領頭的千總從懷裡掏出一個幹餅,咬了一口,遞給旁邊的人。
旁邊計程車兵接過餅,也咬了一口,又遞給下一個。
一個餅,在十個人手裡轉了一圈,被吃得乾乾淨淨。
千總望著前方那片越來越近的日月旗,開口道:“弟兄們,咱們跟了闖王這麼多年,值不值?”
沒人回答。
過了一會兒,一個年輕士兵小聲說:“值。至少...至少咱們吃過飽飯。”
千總笑了一下,站起身,握緊手中的長矛。
“那就讓昏君的走狗看看,咱們的骨頭,有多硬。”
“殺!!!”
兩千人從街壘後衝出,迎向那片黑壓壓的明軍陣列。
劉文秀站在陣前,看著那些衝來的大順軍士兵,沉默了片刻,揮下右手。
“放。”
“砰!!!”
火繩槍齊射。
衝在最前面的百來個大順軍士兵被擊中倒下,但後面的人沒有停,繼續衝。
又是一輪齊射。
又倒下一批人。
再一輪。
再倒下一批。
千總的胸口被鉛彈擊中,他低頭看了一眼胸口那個正在冒血的彈孔,用盡最後的力氣,將手中的長矛朝前方擲了出去。

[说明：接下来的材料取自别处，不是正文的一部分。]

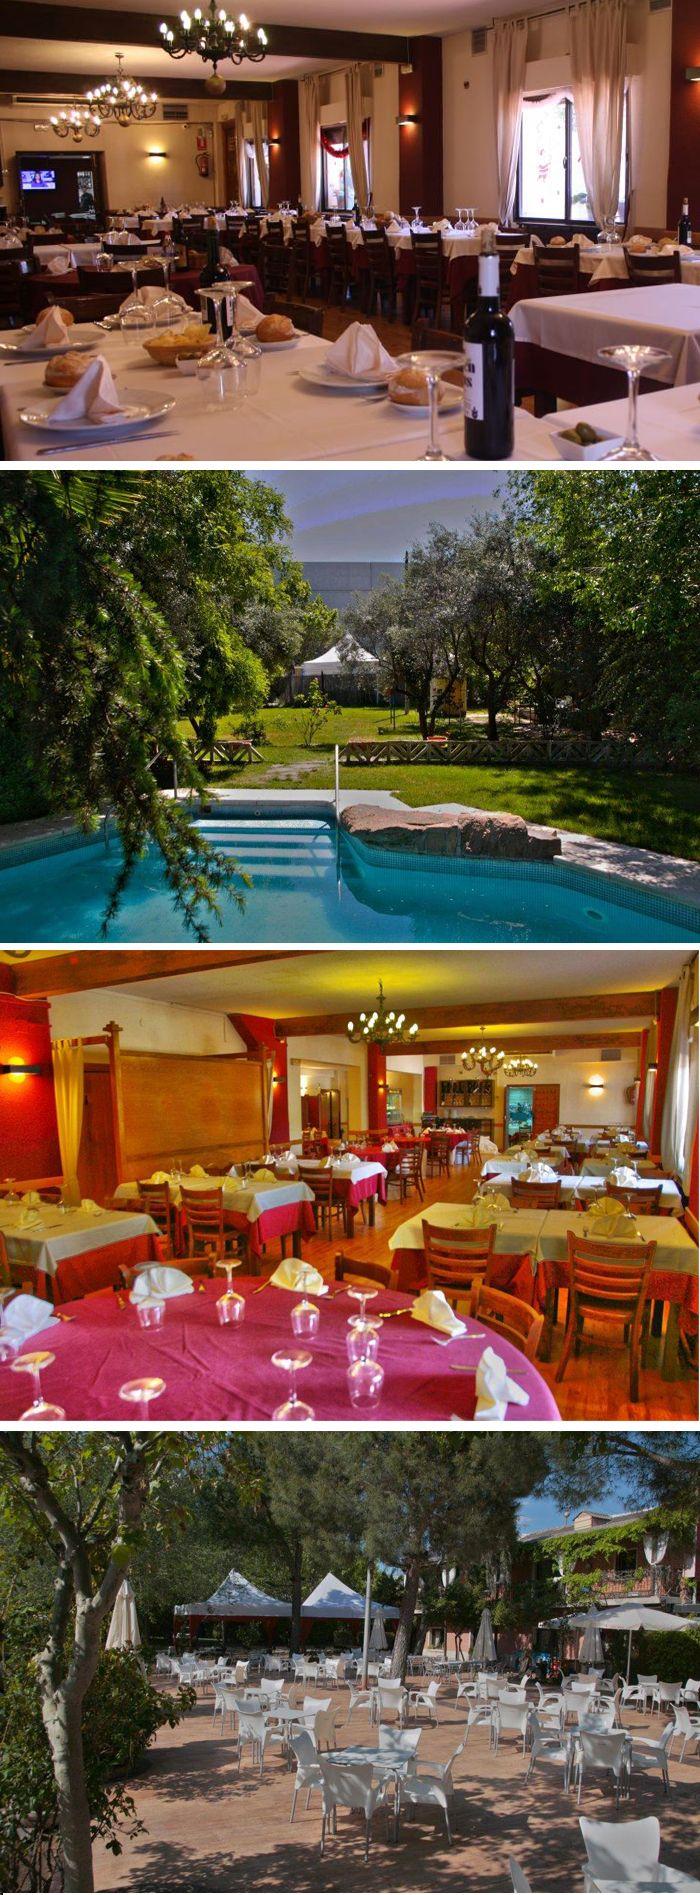 Restaurante La Hacienda -  Alcorcón, Madrid - Restaurantes para Bodas

長矛在空中劃過一道弧線,插在一個明軍士兵腳邊的泥土裡,矛杆顫動。
千總仰天倒下,砸在血泥之中。
他望著頭頂那片灰白色的天空,嘴唇翕動了一下。
“闖王...末將...盡力了...”
劉文秀看著地上那些橫七豎八的屍體,沉默了很長時間。
然後,他對身邊的副將說:“把他們的屍體收殮了,這些人都是條漢子。”
副將抱拳:“是。”
......
府衙後堂。
李自成站在輿圖前,看著上面那些被畫滿了叉的位置。
城西,沒了。
城北,收縮防線。
城南,還在苦苦支撐。
能打的將領,死的死,傷的傷,義子也就只剩李過還能站在他面前。
“父王。”
李過從門外走進來,拱了拱手:“城北的弟兄,已經撤入府衙周圍的街壘。”
“劉文秀沒有追擊,只是封鎖了城北各大街區。”
李自成點了點頭。
廳中沉默了片刻。
李自成忽然開口:“過兒,朕是不是做錯了?”
李過一愣:“父王...您說甚麼?”
“朕說,朕是不是從一開始就做錯了。”
李自成轉過身,看著李過:“朕當年在陝西起兵,是要為窮人打天下。”
“可這些年,朕做了甚麼?”
“朕在西安當了皇帝,跟那些投降的大明官紳打交道,學著他們那一套,學著怎麼當一個皇帝。”
“朕以為,只要朕當了皇帝,就能讓窮人過上好日子。”
“可現在,朕的弟兄們,都死了。”
“百姓依舊還是那個百姓,衣不遮體,食不果腹。”
說到這裡,李自成忽然哽咽了一下:“芳亮降了,張鼐死了,王旭也死了。”
“跟著朕的窮人,都死了。”
“剩下的,只有這一座孤城,和城裡那些還在等死的百姓。”
李過張了張嘴,想說些甚麼,卻發現自己無話可說。
這些年,義父確實變了很多。
以往,他們只是為了爭一口飯,隨著隊伍的強盛,逐漸被權利迷了眼。
以前他們最痛恨的豪紳、汙吏,也逐漸接納,還讓他們在大順朝中擔任要職
唉~
想到這裡,李過心中暗歎了一聲。
隨著天色的入夜,牛金星也從自己的住處走了出來。
他穿過幾道小巷,避開了巡邏計程車兵,來到宋獻策的住處。
推開院門,院子裡一片漆黑。
只有偏房裡透出一點昏黃的燈光,被夜風一吹,晃了晃,又穩住。
牛金星推門進去。
宋獻策正蹲在地上,手裡拿著一塊青磚。
聽見推門聲,他沒有回頭,只是將那塊青磚掀開,從下面的暗格裡取出一個包袱。
包袱不大,用藍布包著,開啟一角,露出幾樣東西。
一對玉鐲,一尊純金小佛像,幾串珍珠,還有一疊金葉子。
這些精巧值錢的物件,大多是宋獻策這幾日在城中替李自成借糧時,順便從那些富商手裡敲來的。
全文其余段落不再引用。